Rappelons à ce propos que Jean et Stéphane souffrent tous deux de troubles respiratoires, le premier souffre d’une « bronchite tenace » tandis que le second est sujet (comme Dominique Fernandez) à de violentes crises d’asthme.

30.

Lors de la première rencontre, Porfirio s’adresse ainsi à Constance : « Il y a en vous une force magique, te chuchotais-je d’une voix oppressée. Sauvez-moi ! Vous en avez le pouvoir. Ayez-en la volonté ! De vous seule, mademoiselle, j’attends mon salut... Si ! Si ! Je ne puis en dire plus... Vous avez devant vous un homme en perdition, qui sera sauvé si vous ne le repoussez pas, qui fera naufrage autrement... » (Éc.
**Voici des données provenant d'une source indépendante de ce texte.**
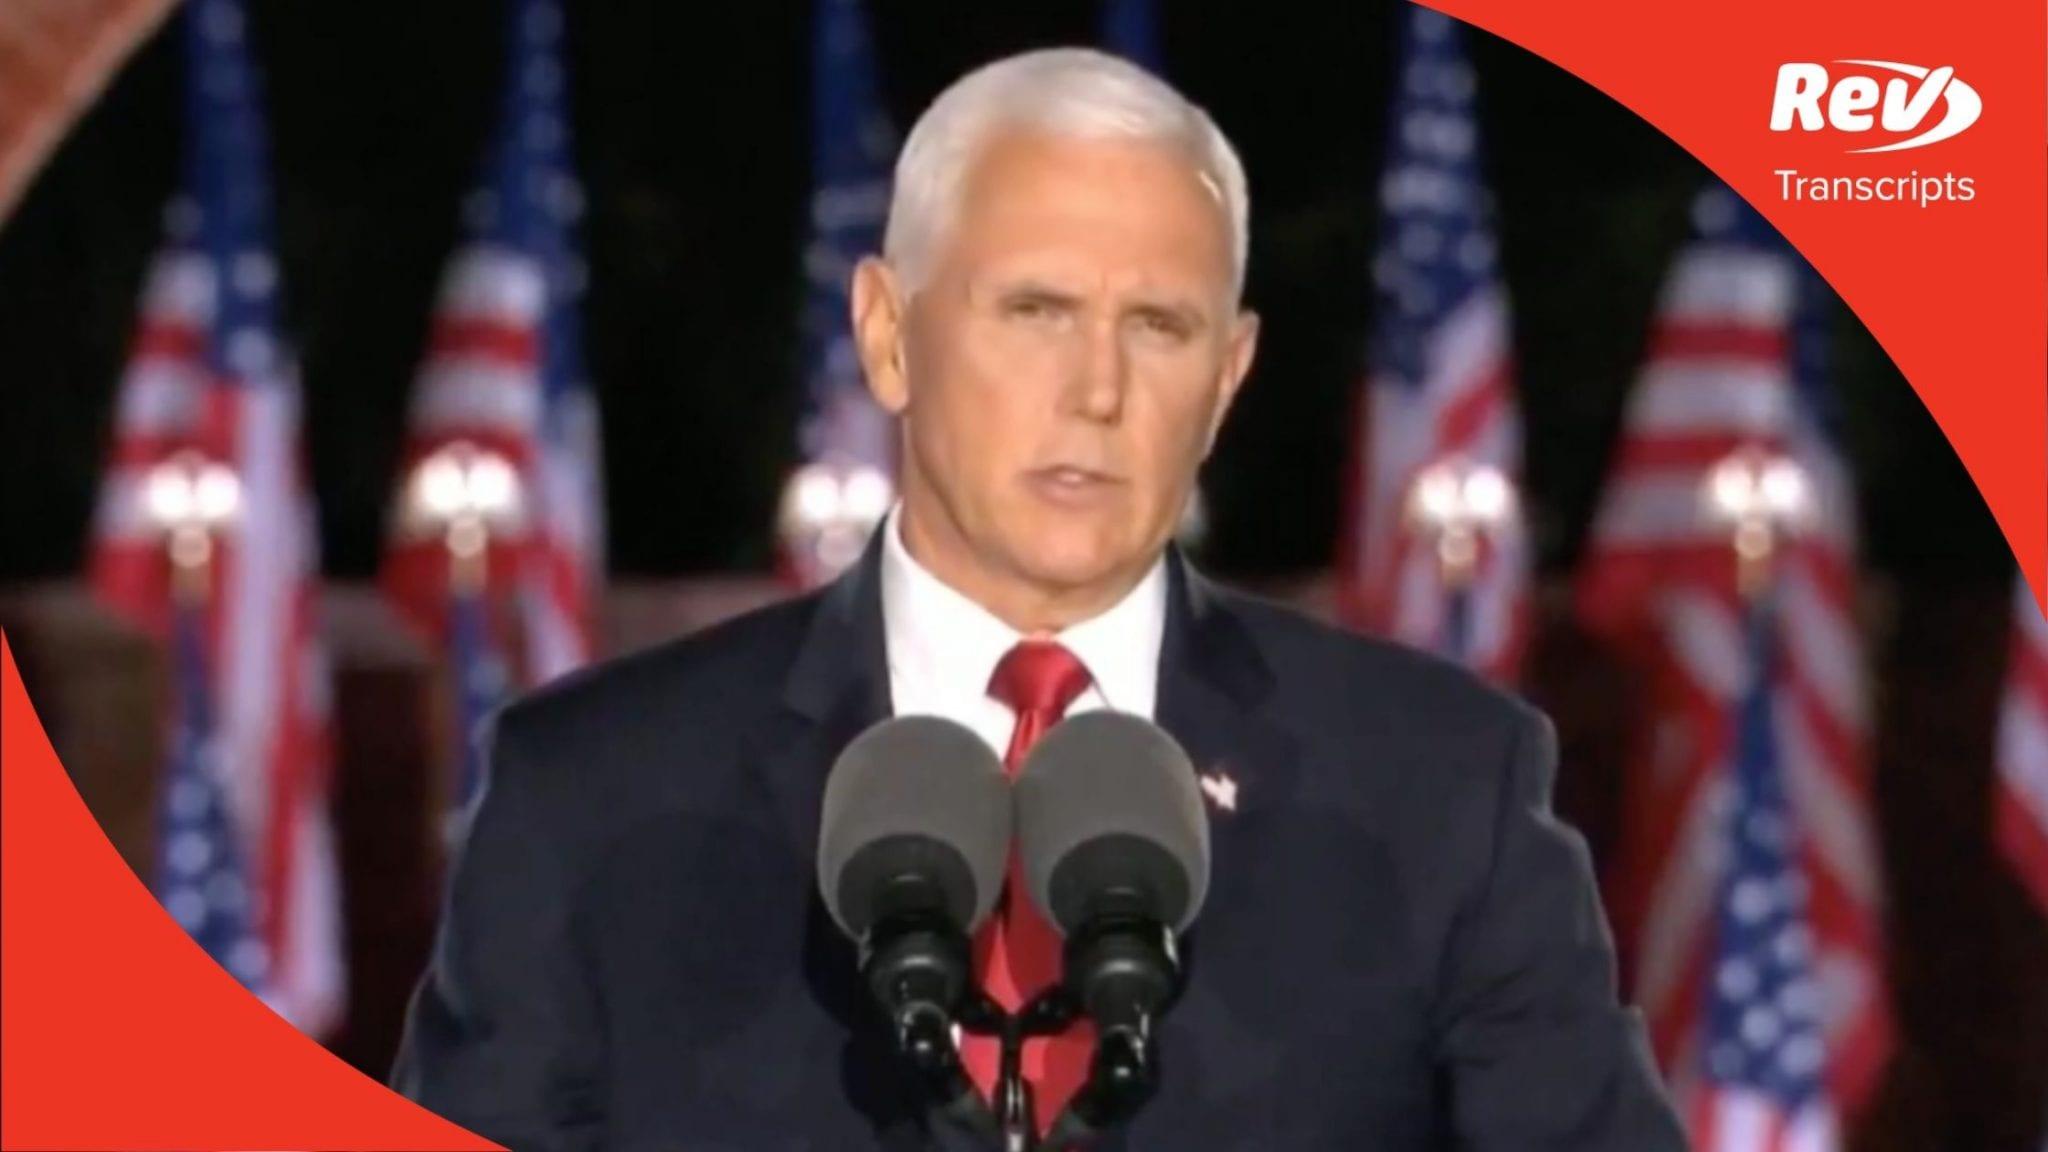 Mike Pence 2020 RNC Speech Transcript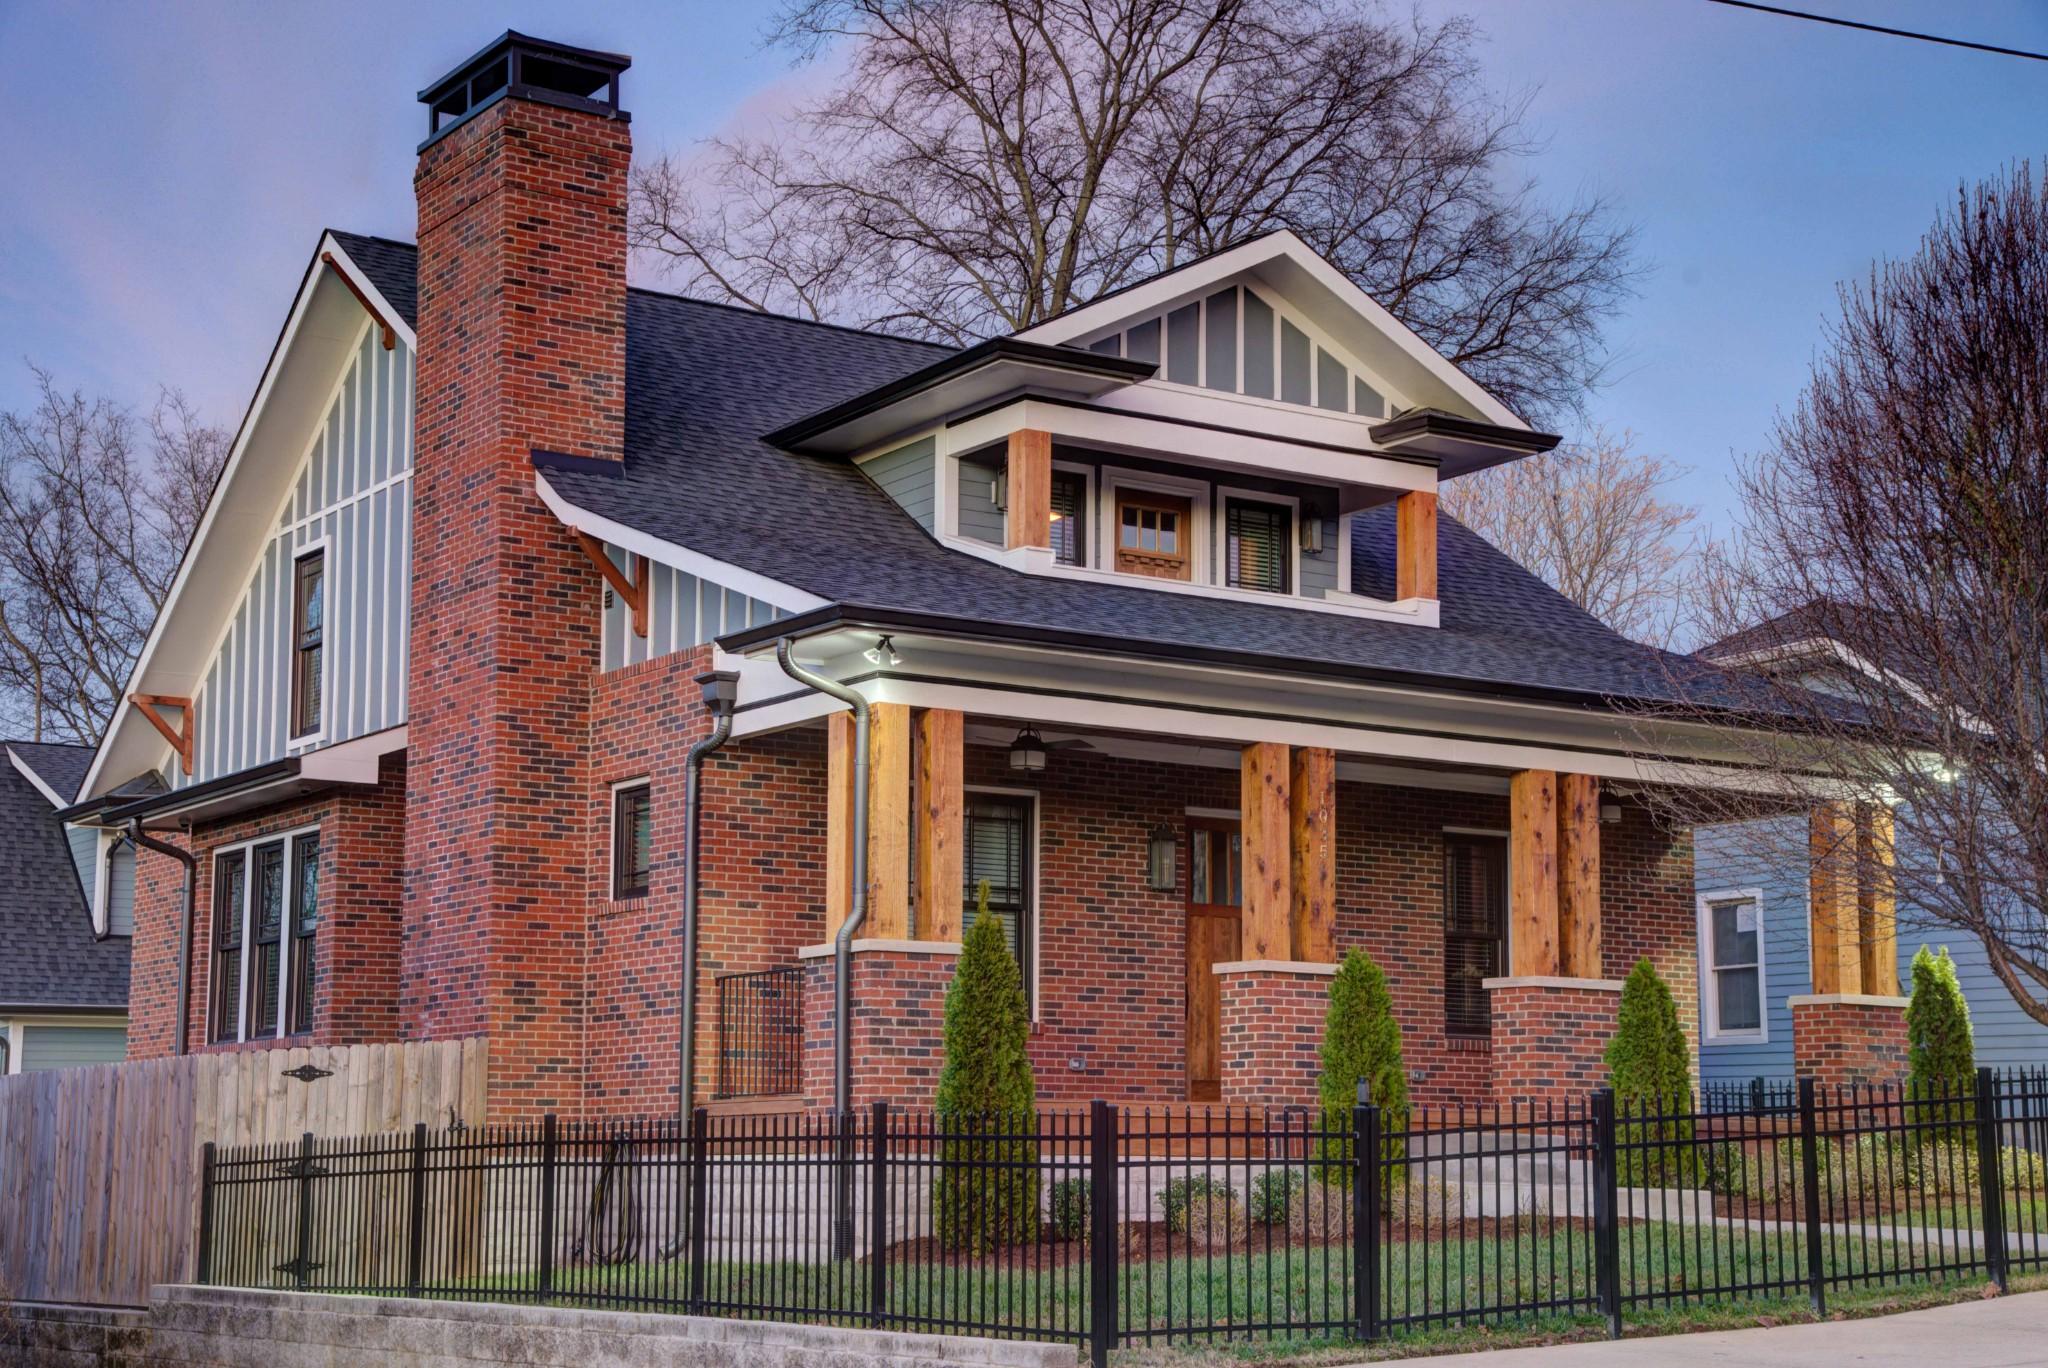 1035 Chicamauga Ave, Nashville, TN 37206 - Nashville, TN real estate listing

Sud, p. 482.)

31.

La descente réelle vers la rivière « Enfer » donne lieu dans l’esprit de la jeune fille à une descente métaphorique (de même qu’elle préfère à la chute réelle de son grand-père la chute métaphorique, celle de la perdition), et elle forme le voeu de ne jamais se laisser entraîner dans aucune pente, aucune faillite. La discipline de Constance naît avec elle, produit de la Troisième République, de la religion laïque du devoir et de la conscience, et se développe, se fortifie à l’occasion de chaque nouvel obstacle qu’elle considère comme un nouveau défi. (Éc. Sud, pp. 251-3.)